#RIPJKROWLING
Best-selling author of Harry Potter books J.K. Rowling never ceases to disappoint her fans around the world. Following her transphobic comments and tweets earlier, now it seems the literary world is shaken once again with Rowling’s cross-dressing serial killer character, which she puts in her new novel Troubled Blood.
Published under the pseudonym Robert Galbraith, Troubled Blood follows the case of a woman, missing since 1974, who was thought to be a victim of a serial killer. What’s problematic is that the serial killer character is a man who dresses as a woman in order to abduct and kill a woman as portrayed in one scene in Rowling’s new book.
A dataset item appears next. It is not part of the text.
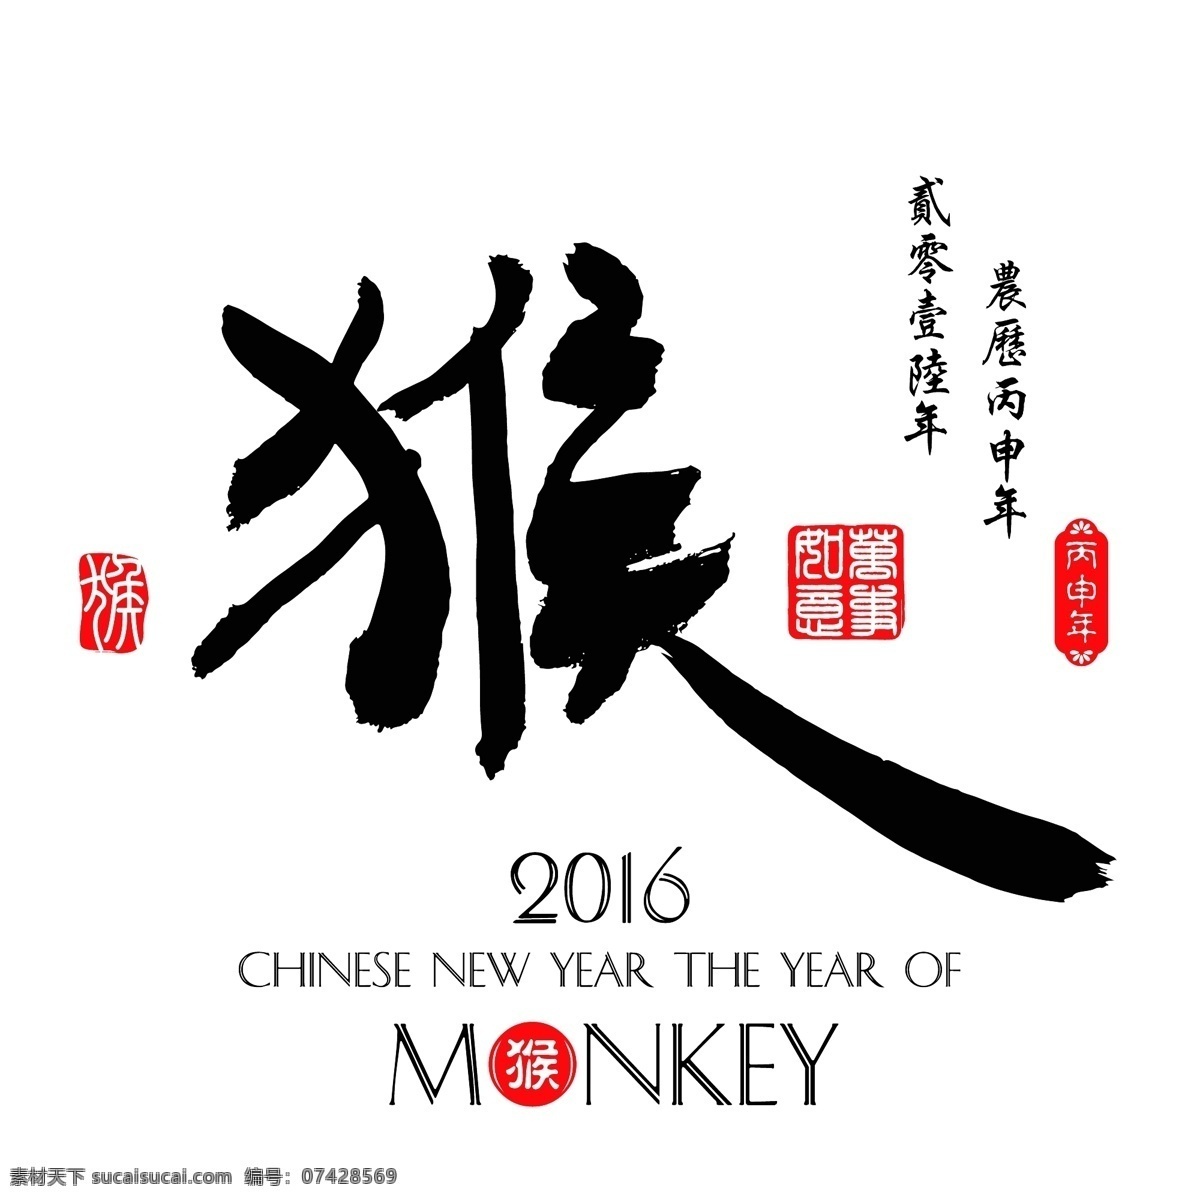 2016 猴年 简洁 大气 海报 2016猴年 简洁大气海报 猴子 年历 日历 手绘 白色

Trans advocates have criticised such a character as “deliberately enforcing an awful trope about transgender people”. And fans of the Harry Potter book series were also among people who expressed their anger towards such an offensive movement.
One fan even wrote on Twitter: “The hardest part of being a Harry Potter fan is J.K. Rowling herself.”
Despite such a hot debate in the literary world, all versions of Troubled Blood — be they hardback, audiobook or Kindle — have ranked in the top five in Amazon’s best sellers’ list.
Daniel Radcliffe — who played Harry Potter — earlier criticised Rowling’s anti-transgender tweets. He wrote in a blog post for the Trevor Project, an LGBTI youth suicide prevention group: “Transgender women are women.”
At pretty much the same time, Eddie Redmayne who stars Newt Scamander in the Fantastic Beasts franchise also spoke out against Rowling’s transphobic movements. He said in a statement: “I disagree with Jo’s comments. Trans women are women, trans men are men and non-binary identities are valid.”